Same as “Query Then Fetch”, except for an initial scatter phase which goes and computes the distributed term frequencies for more accurate scoring.

6.18.3 Count (Deprecated in 2.0.0-beta1)

6.18.4 Scan (Deprecated in 2.1.0)

6.19 Scroll

While a search request returns a single “page” of results, the scroll API can be used to retrieve large numbers of results (or even all results) from a single search request, in much the same way as you would use a cursor on a traditional database.

Scrolling is not intended for real time user requests, but rather for processing large amounts of data, e.g. in order to reindex the contents of one index into a new index with a different configuration.

6.20 Preference

Controls a preference of which shard replicas to execute the search request on. By default, the operation is randomized between the shard replicas.

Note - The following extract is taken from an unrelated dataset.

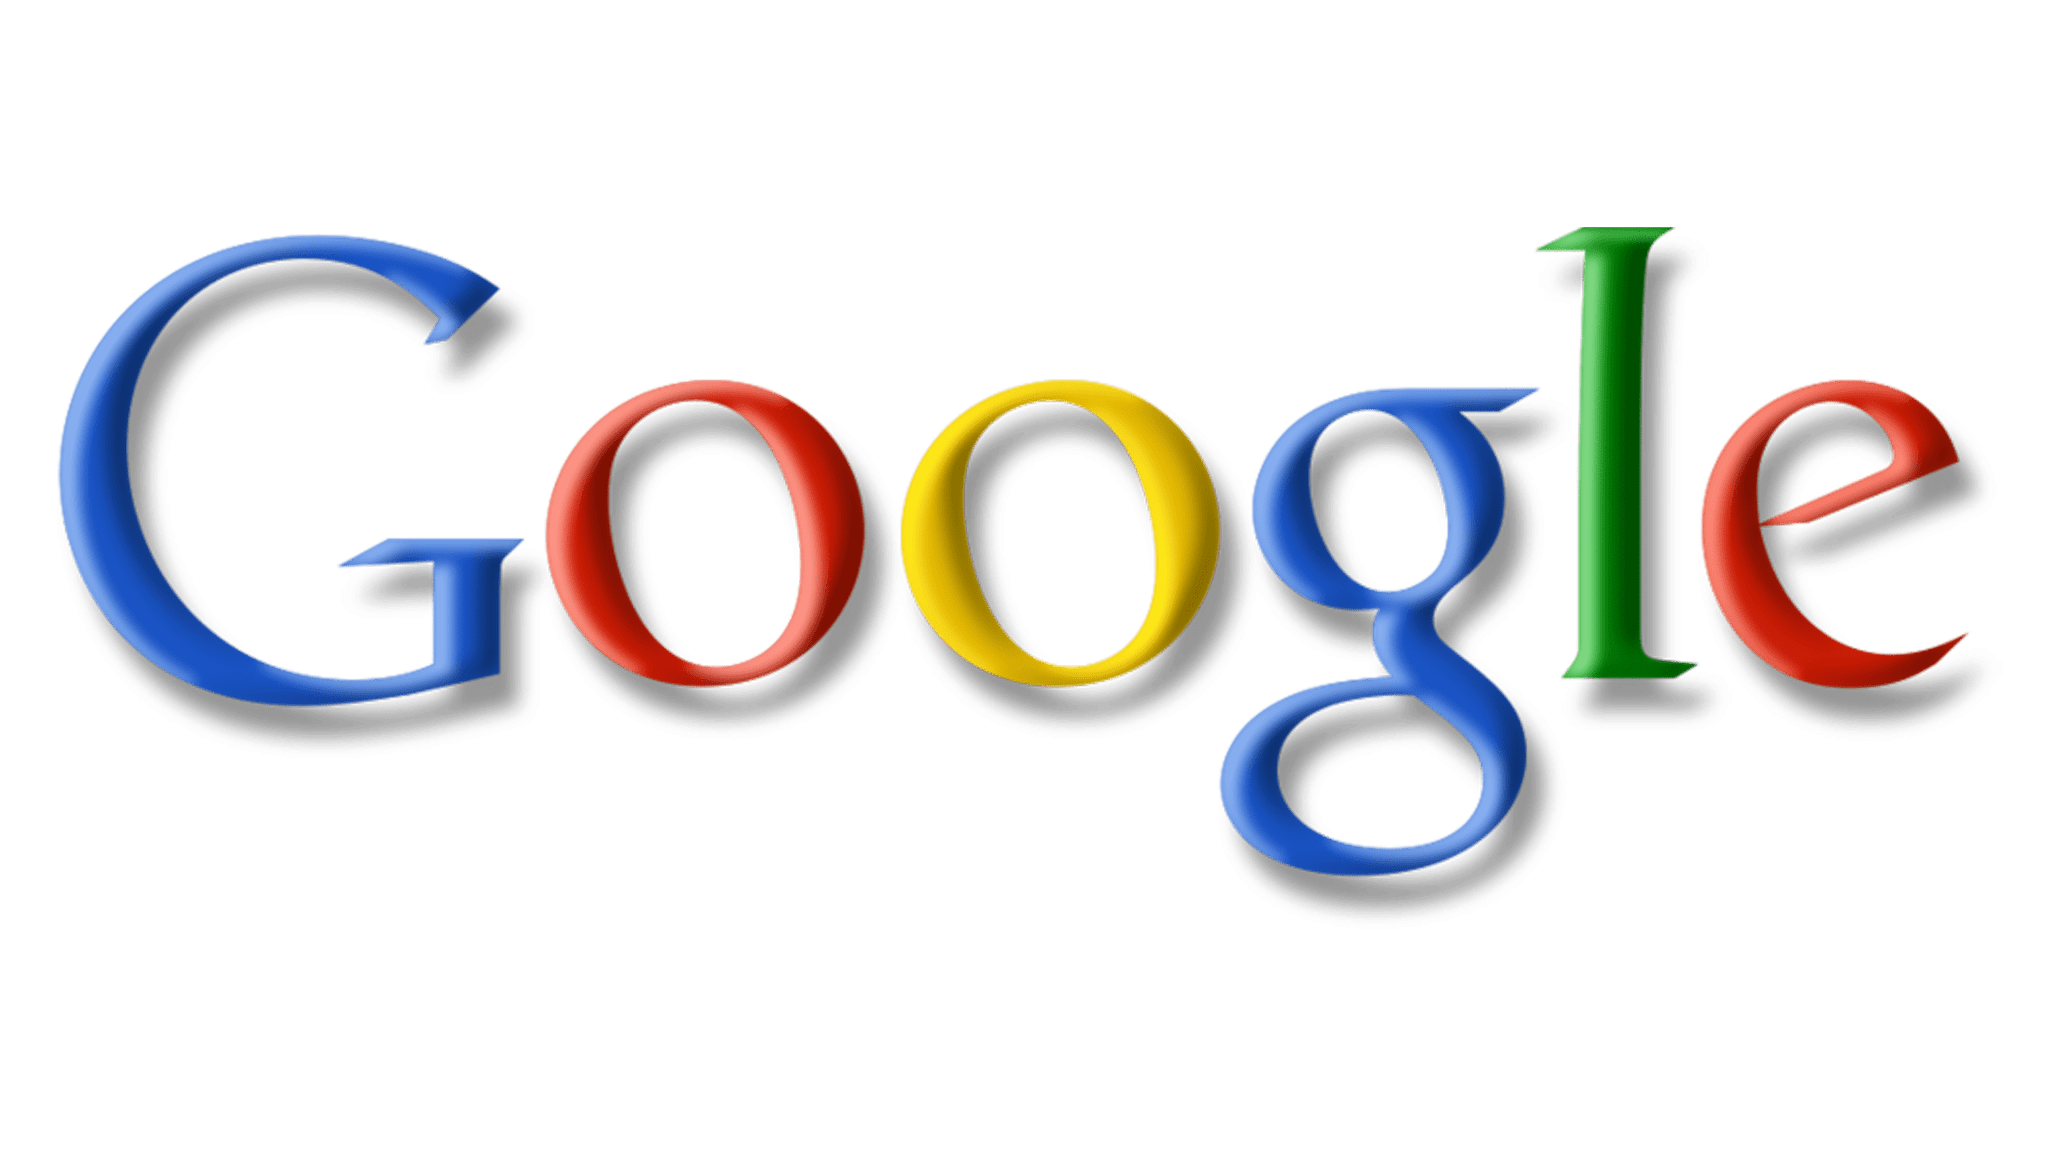 Https blog google. Гугл. Гугл лого. Гугл картинки. Гугл фото эмблема.

The preference is a query string parameter which can be set to:

  • _primary: The operation will go and be executed only on the primary shards.
  • _primary_first: The operation will go and be executed on the primary shard, and if not available (failover), will execute on other shards.
  • _replica: The operation will go and be executed only on a replica shard.
  • _replica_first: The operation will go and be executed only on a replica shard, and if not available (failover), will execute on other shards.
  • _local: The operation will prefer to be executed on a local allocated shard if possible.
  • _only_node:xyz: Restricts the search to execute only on a node with the provided node id (xyz in this case).
  • _prefer_node:xyz: Prefers execution on the node with the provided node id (xyz in this case) if applicable.
  • _shards:2,3: Restricts the operation to the specified shards. (2 and 3 in this case). This preference can be combined with other preferences but it has to appear first: _shards:2,3;_primary
  • Custom (string) value: A custom value will be used to guarantee that the same shards will be used for the same custom value. This can help with “jumping values” when hitting different shards in different refresh states. A sample value can be something like the web session id, or the user name.

6.21 Explain

Enables explanation for each hit on how its score was computed.

{
    "explain": true,
    "query" : {
        "term" : { "user" : "kimchy" }
    }
}

6.22 Version

Returns a version for each search hit.

{
    "version": true,
    "query" : {
        "term" : { "user" : "kimchy" }
    }
}

6.23 Index Boost

Allows to configure different boost level per index when searching across more than one indices. This is very handy when hits coming from one index matter more than hits coming from another index (think social graph where each user has an index).

{
    "indices_boost" : {
        "index1" : 1.4,
        "index2" : 1.3
    }
}

6.24 Inner hits (******Skipped: 和parent/child有關係,後續一起學習)

6.25 Search Template

The /_search/template endpoint allows to use the mustache language to pre render search requests, before they are executed and fill existing templates with template parameters.

GET /_search/template
{
    "inline" : {
      "query": { "match" : { "{{my_field}}" : "{{my_value}}" } },
      "size" : "{{my_size}}"
    },
    "params" : {
        "my_field" : "foo",
        "my_value" : "bar",
        "my_size" : 5
    }
}

6.26 Search Shards API

The search shards api returns the indices and shards that a search request would be executed against. This can give useful feedback for working out issues or planning optimizations with routing and shard preferences.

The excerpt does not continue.